Support Questions

Find answers, ask questions, and share your expertise

After running for a period of time, job submissions timeout in the Spark on YARN cluster.

avatar
Rising Star

Hi everyone, our Hadoop cluster has recently encountered a strange issue. After starting the cluster, Spark jobs run normally, but after running for more than a week, job submission timeouts occur. Specifically, the jobs are all in the ACCEPTED state, but fail due to timeout after 2 minutes. The error log shows:

Caused by: java.net.SocketTimeoutException: 60000 millis timeout while waiting for channel to be ready for read. ch : java.nio.channels.SocketChannel[connected local=/134.1.1.3:45866 remote=hdp144019.bigdata.com/134.1.1.19:45454]

I found an app id, and then went to check the corresponding NodeManager log for attempting to start the AM. I found that the AM was never started at all. At the time when the job submission timed out, the NodeManager log reported the following log:

2024-03-15 00:04:17,668 INFO  containermanager.ContainerManagerImpl (ContainerManagerImpl.java:handle(1607)) - couldn't find application application_1709910180593_38018 while processing FINISH_APPS event.
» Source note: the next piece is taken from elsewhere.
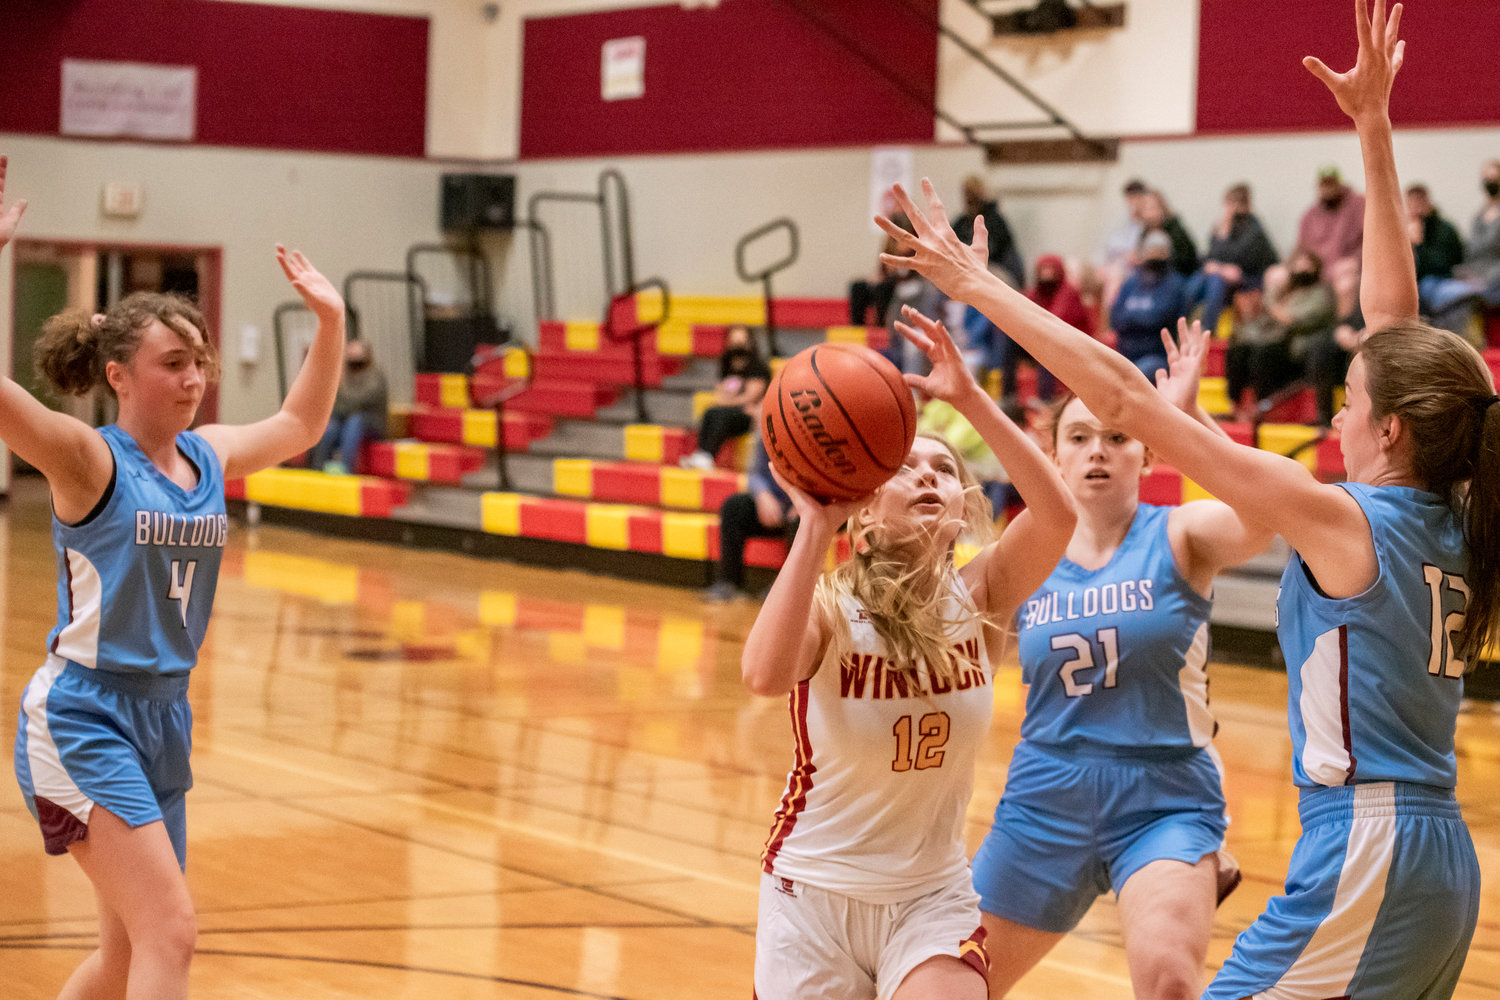 Winlock’s Maia Chaney (12) looks to shoot Thursday night during a game against Stevenson.
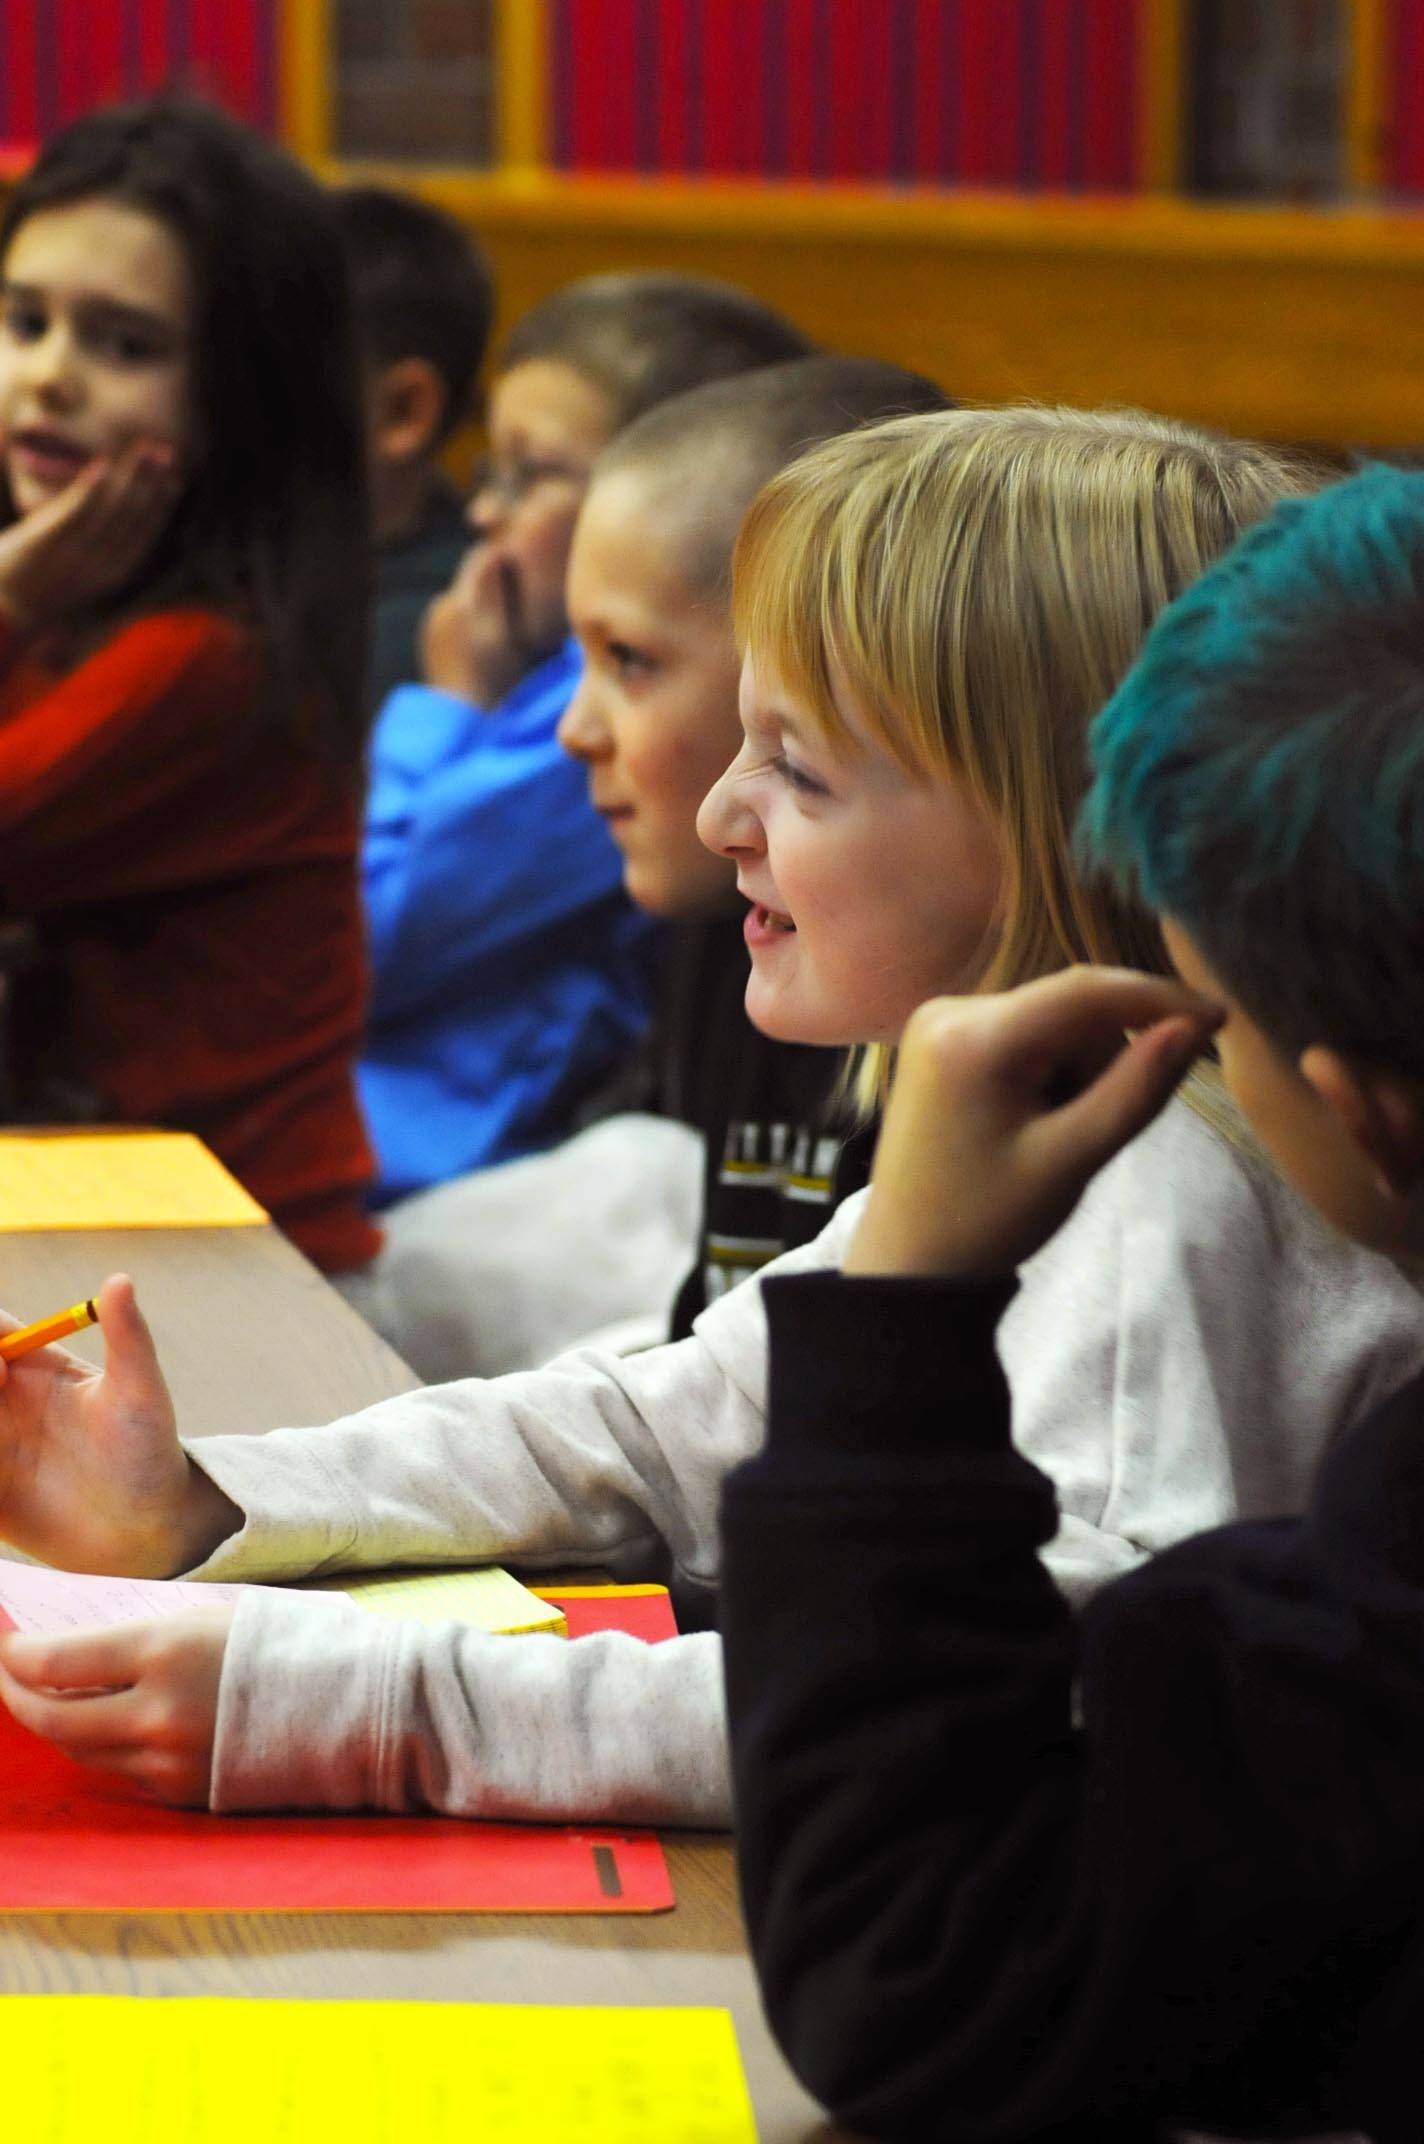 Riley Smith, a second-grader at Kalifornsky Beach Elementary School, makes a face during a witness’s statement during the class’s mock trial of “Arthur T. Grinch,” based on the Dr. Seuss classic “How the Grinch Stole Christmas” on Thursday, Nov. 9, 2017 in Kenai, Alaska. The class has been studying civics and learning about the court process and put on a mock sentencing hearing, complete with witnesses and a jury composed of students’ parents and K-Beach Elementary Principal Nate Crabtree. (Photo by Elizabeth Earl/Peninsula Clarion)

The ResourceManager allocated resources for this application to the NodeManager but no active containers were found to process.

同时伴随着IPC相关的报错:

2024-03-15 00:04:17,082 WARN  ipc.Server (Server.java:processResponse(1523)) - IPC Server handler 11 on 45454, call Call#31 Retry#0 org.apache.hadoop.yarn.api.ContainerManagementProtocolPB.startContainers from 134.1.1.8:32766: output error
2024-03-15 00:04:17,083 INFO  ipc.Server (Server.java:run(2695)) - IPC Server handler 11 on 45454 caught an exception
java.nio.channels.ClosedChannelException
	at sun.nio.ch.SocketChannelImpl.ensureWriteOpen(SocketChannelImpl.java:268)
	at sun.nio.ch.SocketChannelImpl.write(SocketChannelImpl.java:459)
	at org.apache.hadoop.ipc.Server.channelWrite(Server.java:3250)
	at org.apache.hadoop.ipc.Server.access$1700(Server.java:137)
	at org.apache.hadoop.ipc.Server$Responder.processResponse(Server.java:1473)
	at org.apache.hadoop.ipc.Server$Responder.doRespond(Server.java:1543)
	at org.apache.hadoop.ipc.Server$Connection.sendResponse(Server.java:2593)
	at org.apache.hadoop.ipc.Server$Connection.access$300(Server.java:1615)
	at org.apache.hadoop.ipc.Server$RpcCall.doResponse(Server.java:940)
	at org.apache.hadoop.ipc.Server$Call.sendResponse(Server.java:774)
	at org.apache.hadoop.ipc.Server$RpcCall.run(Server.java:885)
	at org.apache.hadoop.ipc.Server$RpcCall.run(Server.java:822)
	at java.security.AccessController.doPrivileged(Native Method)
	at javax.security.auth.Subject.doAs(Subject.java:422)
	at org.apache.hadoop.security.UserGroupInformation.doAs(UserGroupInformation.java:1730)
	at org.apache.hadoop.ipc.Server$Handler.run(Server.java:2682)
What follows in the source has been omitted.